Tuesday, 22 July 2014

Stranger by the Lake (L'Inconnu Du Lac)

The lake in question is the summertime meeting place of like-minded males where they can converse, swim and lie in the sun naked. Behind the beech area is enclosed woodland that divides the shoreline from a car park. It's this woodland that is used for more intimate pleasures of the flesh. Our main protagonist, Franck (Pierre Deladaonchamps), is young and good-looking who enjoys spending the warm summer days cruising and reclining in the sun. It's here he meets two very different men the first is Henri (Patrick d'Assumcao) a lonely overweight ‘logger’ whose wife has left him and who just wants to spend his three week vacation in the peace and quite of the lakeside setting. But he strikes up a plutonic relationship with the young gay, learning a little about what motivates their desires. The second man is a good looking tanned swimming champion called Michel (Christophe Paou) who Franck is sexually attracted to from the moment he sets eyes on him. Their affair, like the film itself, never leaves the confines of the Lake/woodland/car park. Life around the lake is peaceful, almost pastoral, a watercolour of a gay micro world, that is until the body of a drowned man is discovered. Police Inspector Damroder suspects fail play and begins to question the men that use the area. Both Franck and Henri suspect that Michel, who had sex with the dead man the day before he disappeared, knows more about the incident than he's admitting to the police. 
Franck with Henri....

....and with the new love in his life Michel.

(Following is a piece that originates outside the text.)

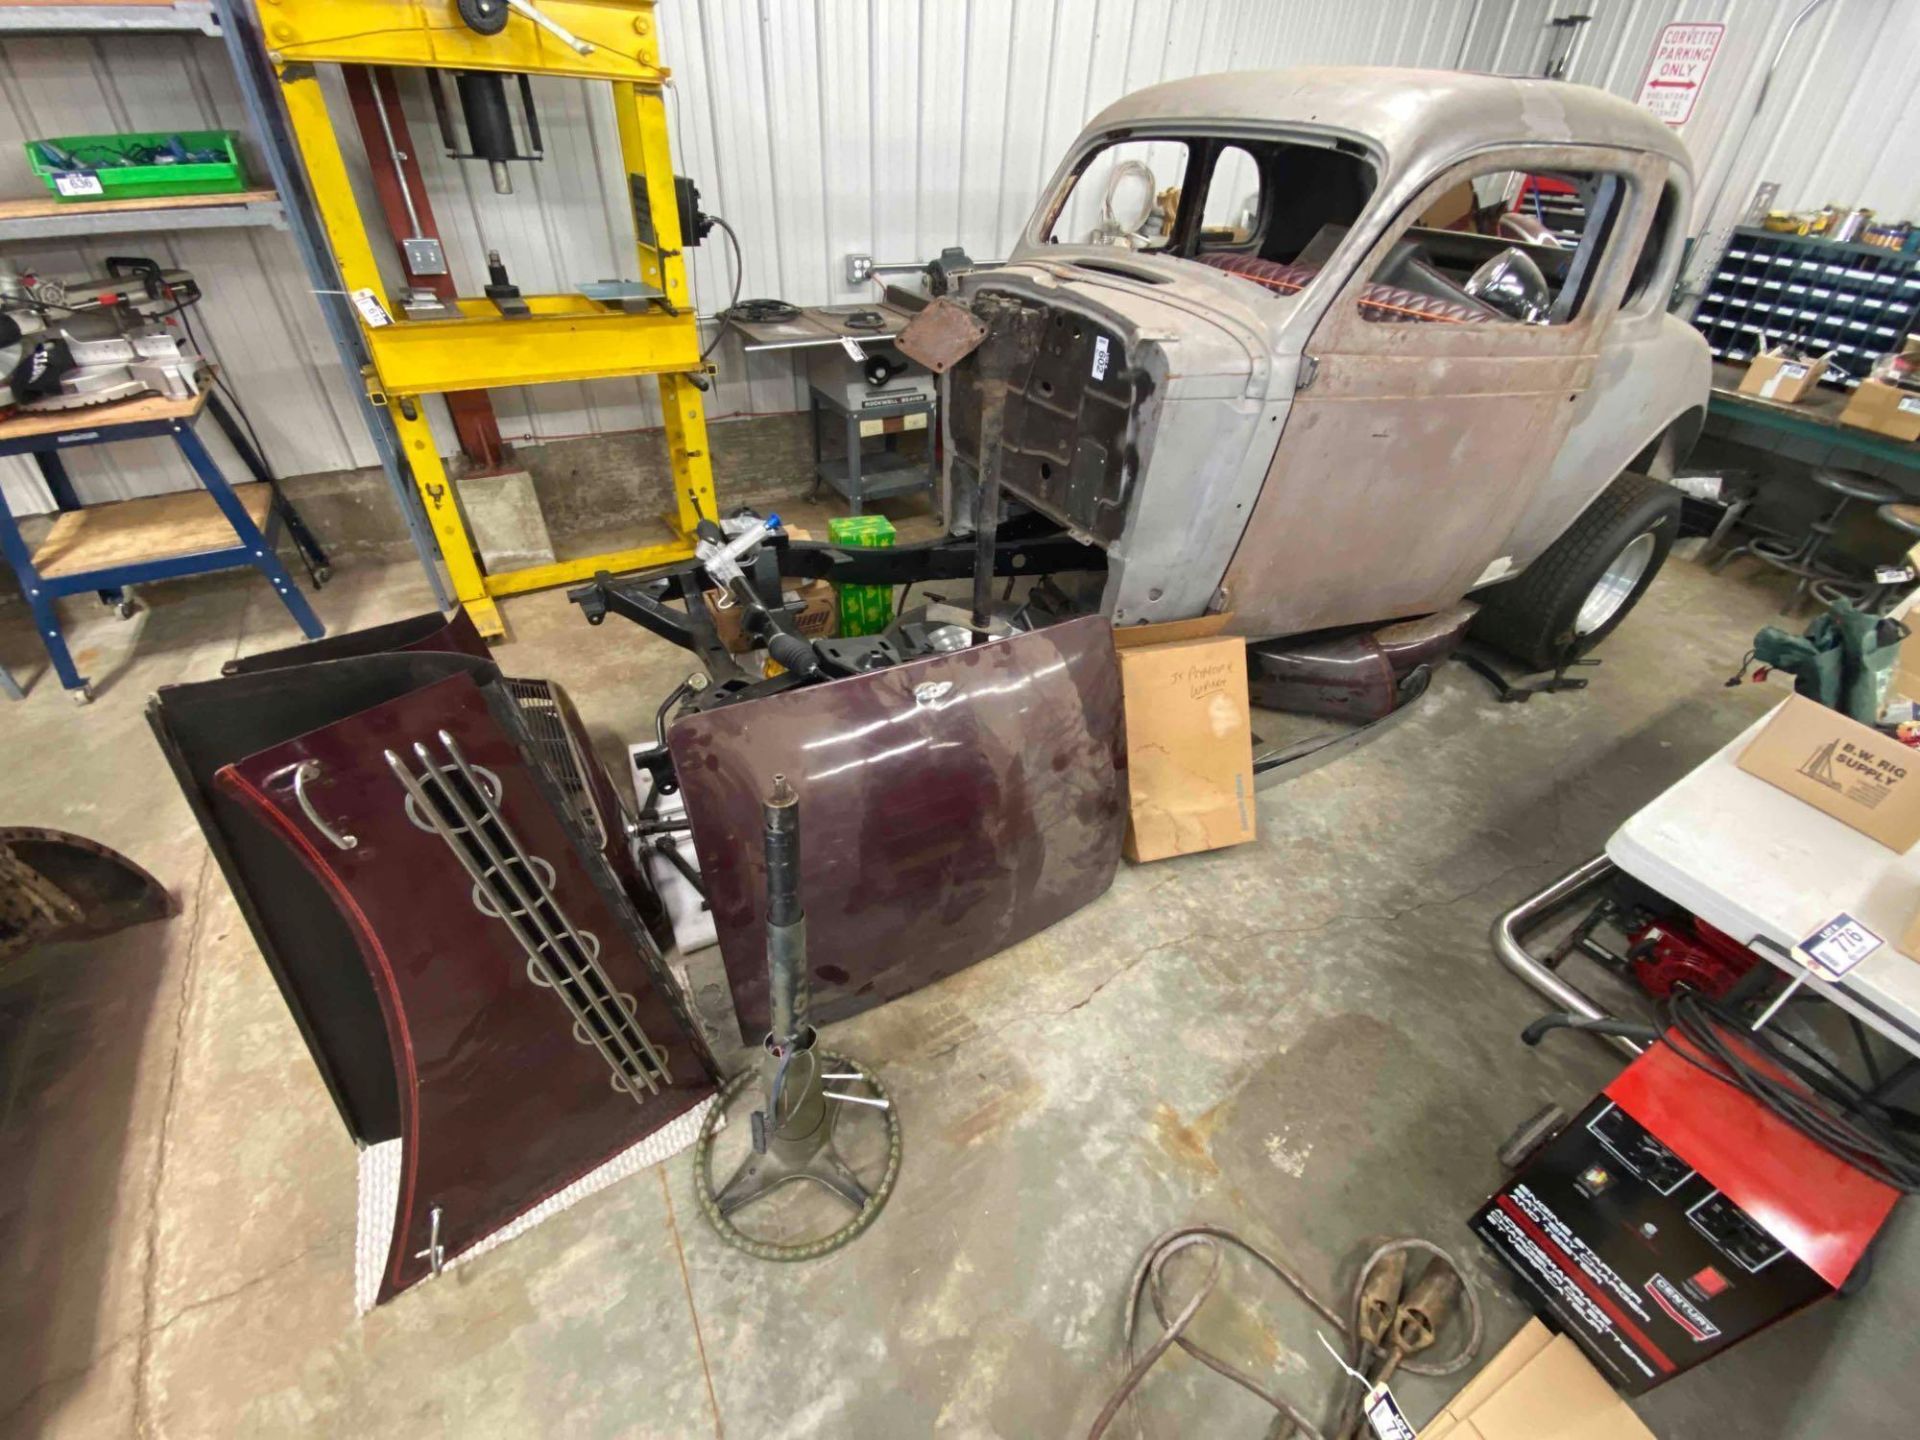 ’35 Plymouth Coupe Including Body Panels, Frame, Lights, etc. ***No Engine, Transmission, etc.*** - Image 2 of 16
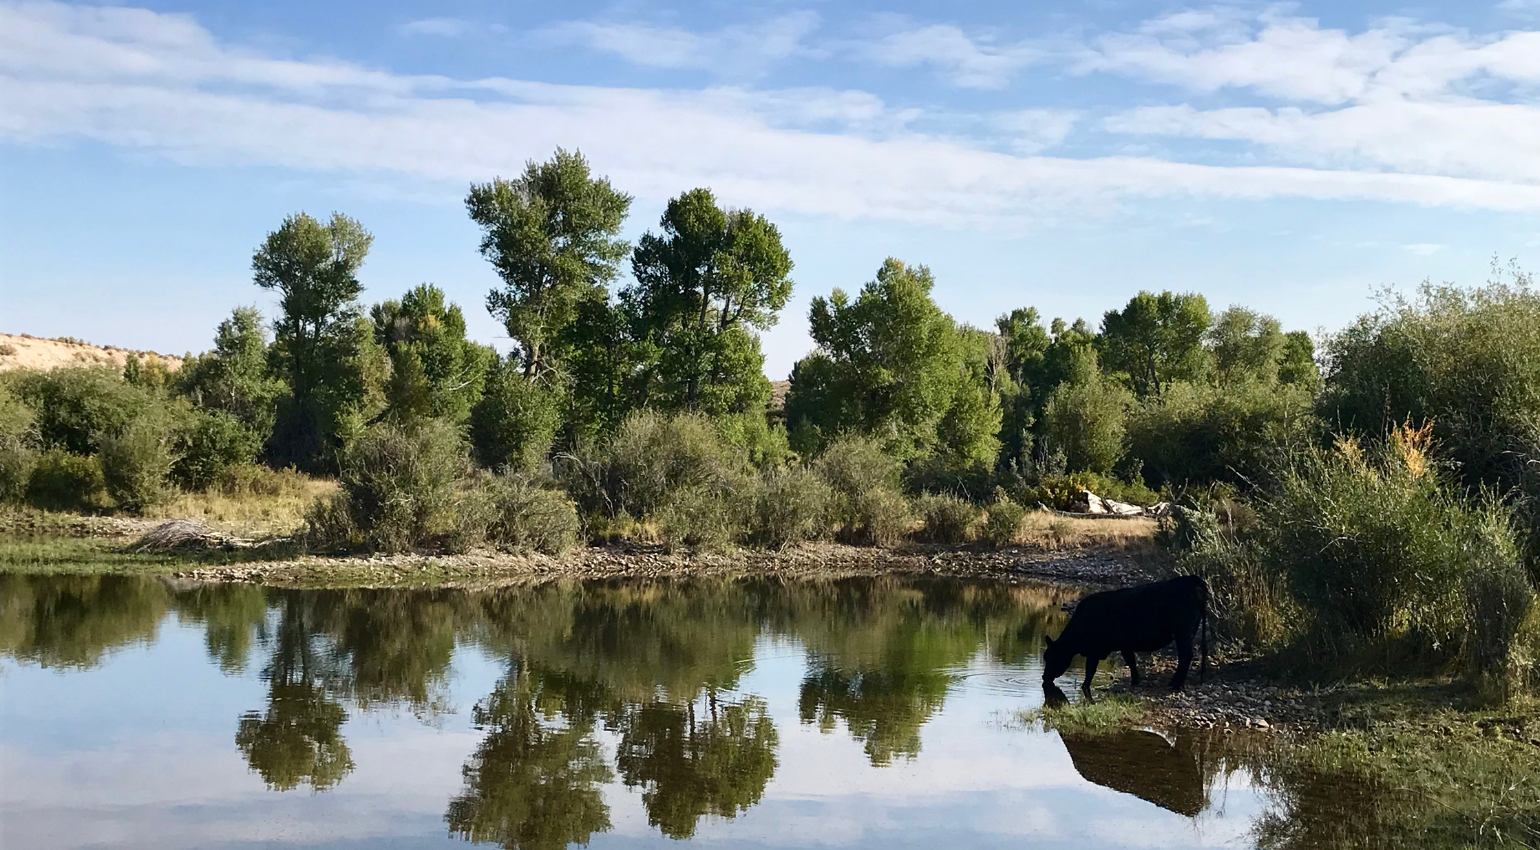 reflection of cow drinking

Our story takes place over a period of ten days. The cinematography certainly makes the Lakeland area seem very appealing and the director Alain Guiraudie, who won both the directors prize in Un Certain Regard and the Queer Palm at the 2013 Cannes Film Festival, keeps the concept very simple by making the action take place in one basic location. Using natural light and sounds we are not side tracked by a musical score but allowed to indulge our selves totally with the sights and sound’s depicted on the screen, which in them selves became quite natural. This psychological drama is refreshingly honest in its depiction of gay sex and cruising and offers us a different type of erotic arthouse thriller with its dream like murder sequence: have we or have we not just witnessed the cold blooded murder of an innocent? Is lust a stronger emotion than fear? It's this question that forms the basis of the movie; if Michel does turn out to be a killer will Franck be strong enough to resist his obsessive love?
Nine of the ten days starts in the car park! 

My only grumble is that the natural light used for the night scenes at the car park are very dark and therefore make it difficult to see what's going on, but perhaps that's the way the director meant it to be?